В конце, когда читатель уже охвачен благоговейным страхом и голодом, Уоттс оставляет больше вопросов, чем ответов. К некоторым из них автор вернется в романе «Эхопраксия» (2014), который является сиквелом «Ложной слепоты», но другие, более глубокие вопросы будут неизбежно происходить от самих ответов. Питер Уоттс – мастер мысленных экспериментов. Это было очевидно еще в его самых ранних коротких художественных произведениях, написанных в девяностых.

Будучи по образованию морским биологом, Уоттс поместил действие своего первого романа «Морские звезды» на три километра под поверхностью моря в расселине на территории субдукционной зоны Хаун де Фука. Но в этой глубоководной среде есть какое-то отличие, и дело не только в странном и брошенном всеми экипаже станции «Биб». За успехом «Морских звезд» последовала публикация двух следующих книг из трилогии «Рифтеры» – «Водоворот» и «Бетагемот».

Однако, стихия Уоттса не сводится лишь к глубокому морю – глубокий космос (будь то край Солнечной системы в «Ложной слепоте» или же невероятно отдаленные звезды, как в повести «Остров», получившей премию «Хьюго») является еще одной средой, которую он может изобразить настолько убедительно, что мы почти что видим чудеса космоса и странные инопланетные формы жизни у нас перед глазами. Инопланетяне Уоттса часто удостаиваются похвалы за то, что они являются по-настоящему инопланетными и в то же время очень правдоподобными. Его способность проникнуть в сознание инопланетянина в произведении «НЕЧТОжества», опубликованном в 2010, привели к еще одной номинации на «Хьюго». Художественные произведения Уоттса полны блестящих идей – тех, что заставляют нас спрашивать: Что если…?

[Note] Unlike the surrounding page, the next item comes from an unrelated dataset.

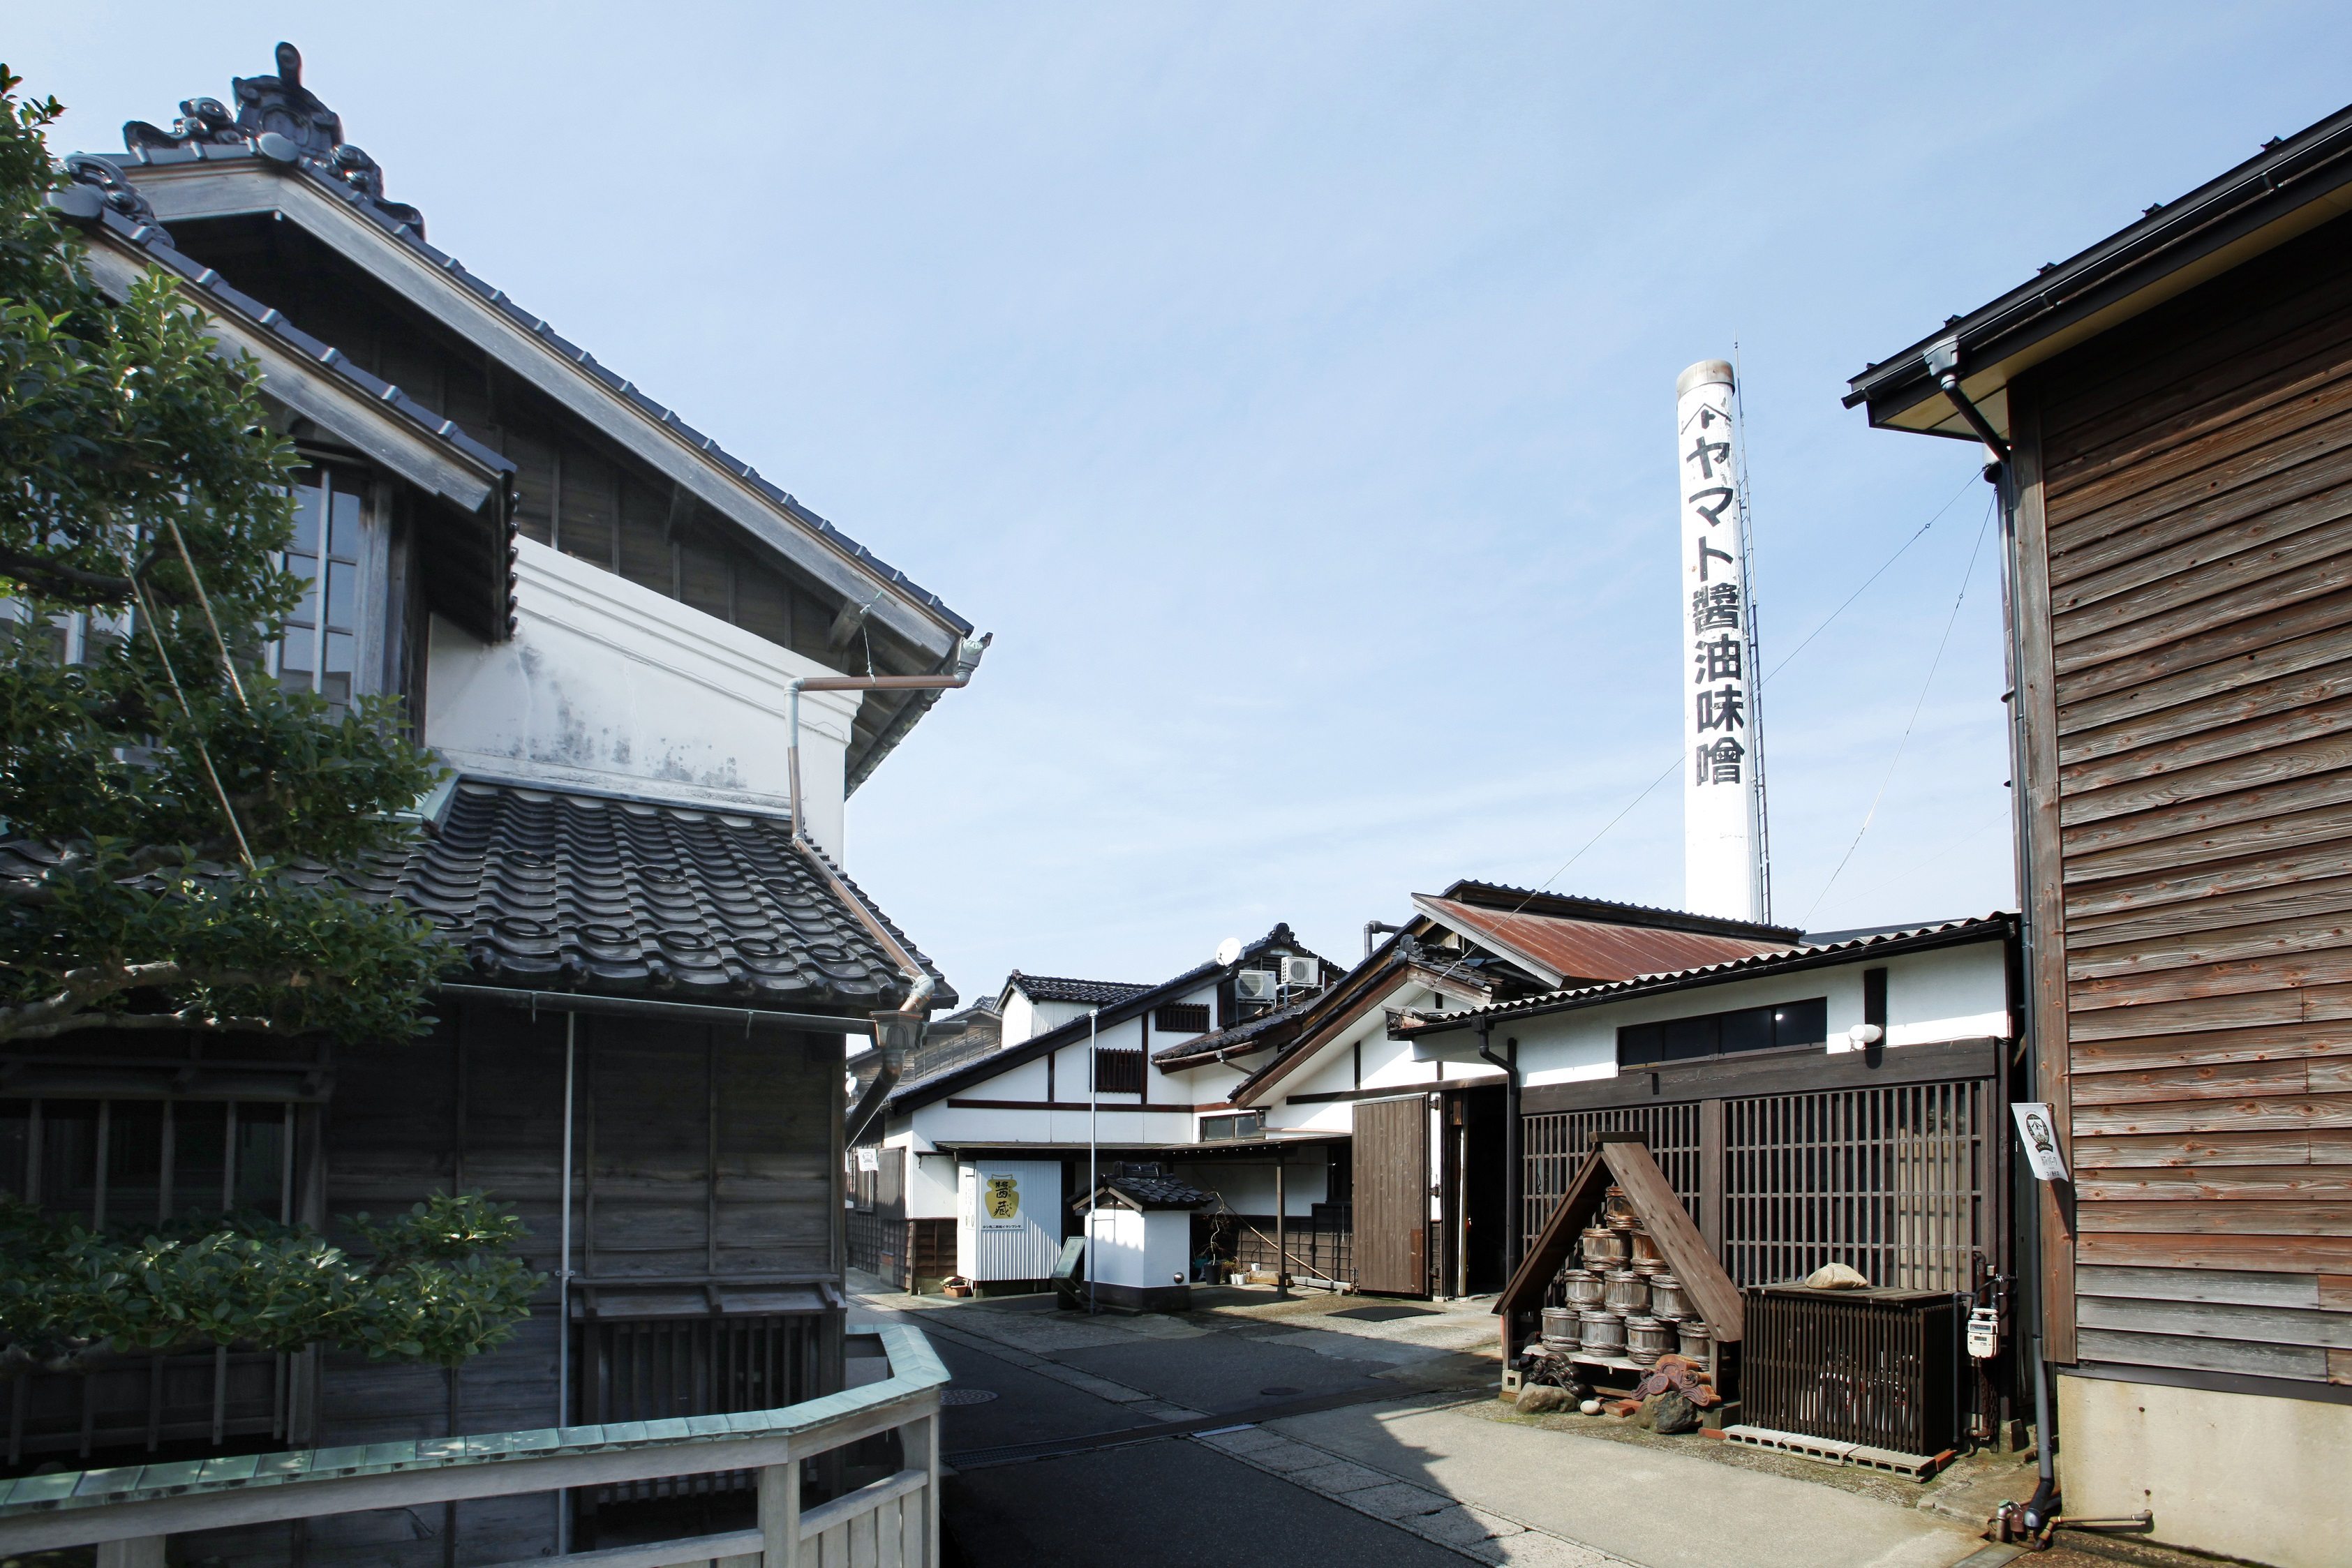 金沢港近くの風情ある町並み。シンボルの煙突が目印

Мой друг однажды сказал про Уоттса: «Он думает о действительно интересных вещах».

Это простое утверждение, но и очень точное. Позвольте представить вам человека, который размышляет об интересных вещах.

Интервью

Ваш последний роман «Эхопраксия» является сиквелом к «Ложной слепоте» – на этот раз вы переносите нас внутрь Солнечной системы на Матрицу Икара. Была ли уже у вас в мыслях идея этой истории, когда вы писали «Ложную слепоту»?

Знаете, я не вполне уверен. В процессе написания романа естественно подолгу размышлять о том, что может произойти после последней страницы – так что в некотором смутном смысле я, конечно, думал о продолжении. В то же время, я знал, что продолжение «Ложной слепоты» было бы чертовски сложным делом, независимо даже от того, было бы это успехом или неудачей с точки зрения литературной ценности. Тематическая проблема «сознание versus интеллект» является фундаментальной для человека; что же, черт возьми, вы придумаете на бис?

Так что пока я праздно обдумывал идею сиквела, книга, которую я действительно ожидал написать после «Ложной слепоты», была технотриллером, разворачивающимся в недалеком будущем. Это была бы абсолютная смена ритма, и не так важно, понравилось бы это людям или нет, – они были бы менее склонны сравнивать это произведение с «Ложной слепотой», потому что было бы очевидно, что это совершенно другое произведение. Я думал, что незамедлительно вышедшему сиквелу было бы значительно тяжелее выйти из тени своего предшественника.

И что же произошло? Я подкинул своему агенту около пяти разных вариантов продолжения, но он мне сказал, что «Ложная слепота» на голову выше их всех. Такие вот дела.

Судя по фрагментам, которые вы опубликовали в своем блоге, мне кажется, что «Эхопраксия» не испытает проблем с тем, чтобы оправдать наивысшие ожидания.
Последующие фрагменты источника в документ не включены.